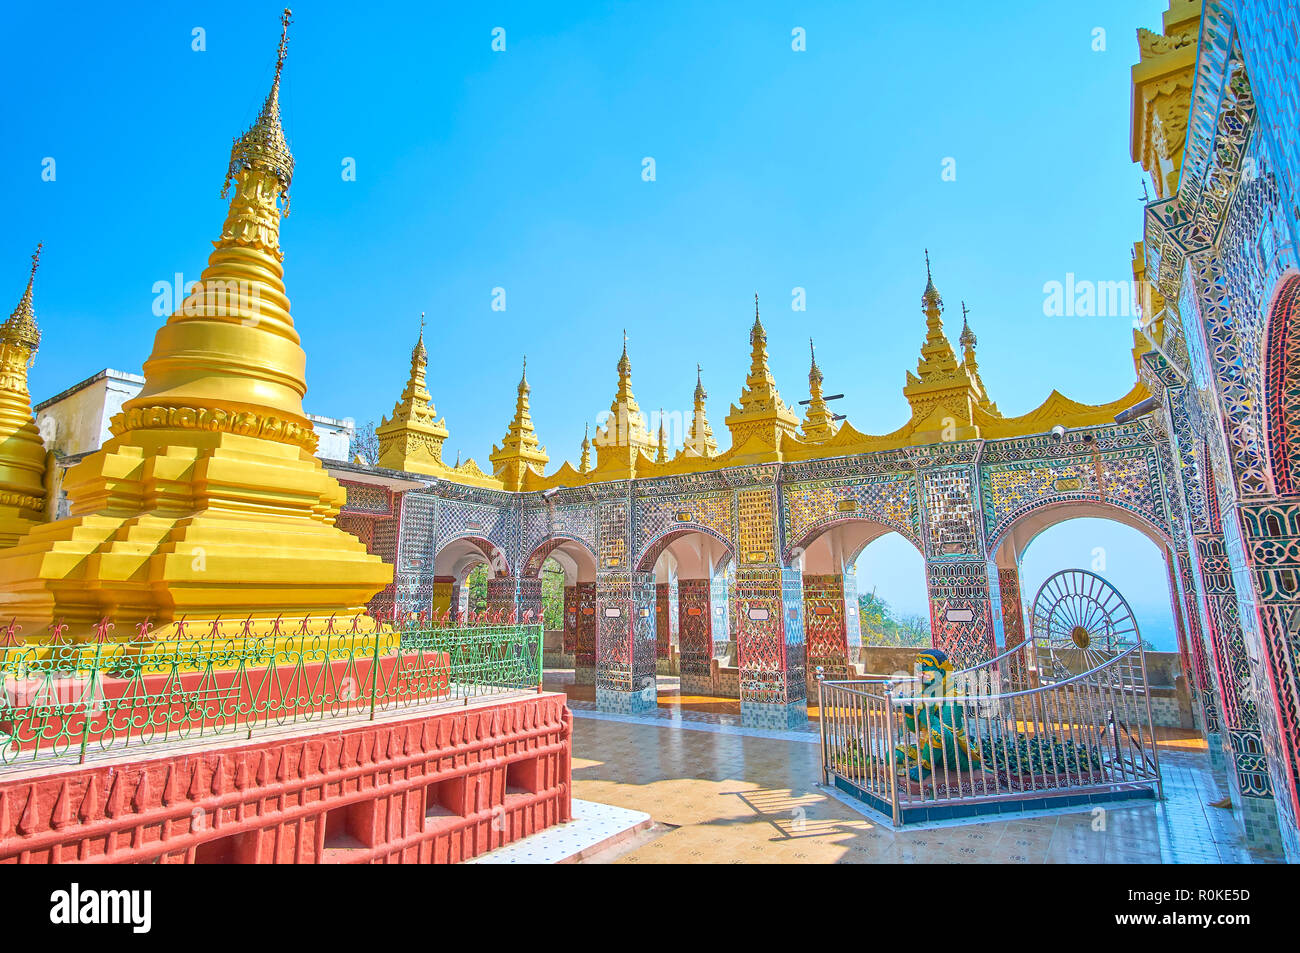 Le mur, réalisée dans le travail technique sont la carte de visite de Su Taung Pyae Temple sur le sommet de la colline de Mandalay, Myanmar Banque D'Images
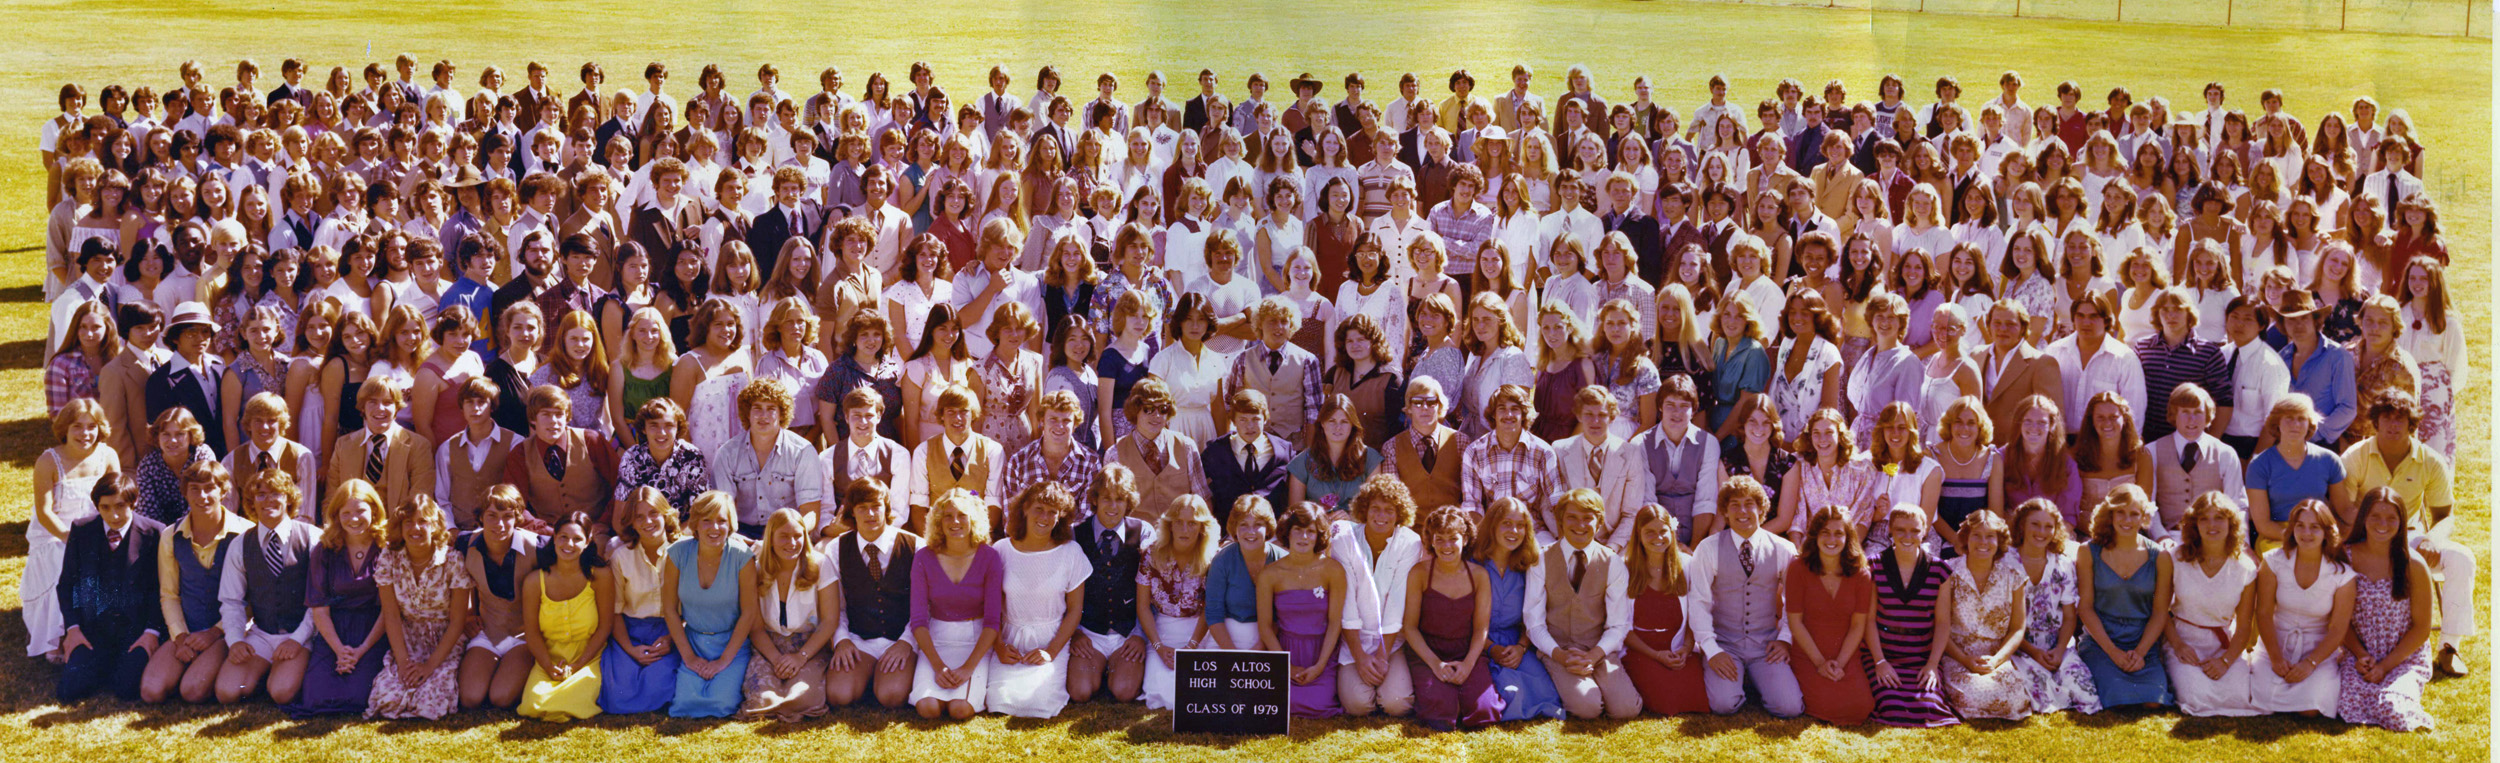 Los Altos Class of 1979
(click to enlarge)

About this exercise: Set the material above down again word for word. Include none of its pictures.

Result of the exercise:
 Le mur, réalisée dans le travail technique sont la carte de visite de Su Taung Pyae Temple sur le sommet de la colline de Mandalay, Myanmar Banque D'Images
 Los Altos Class of 1979
(click to enlarge)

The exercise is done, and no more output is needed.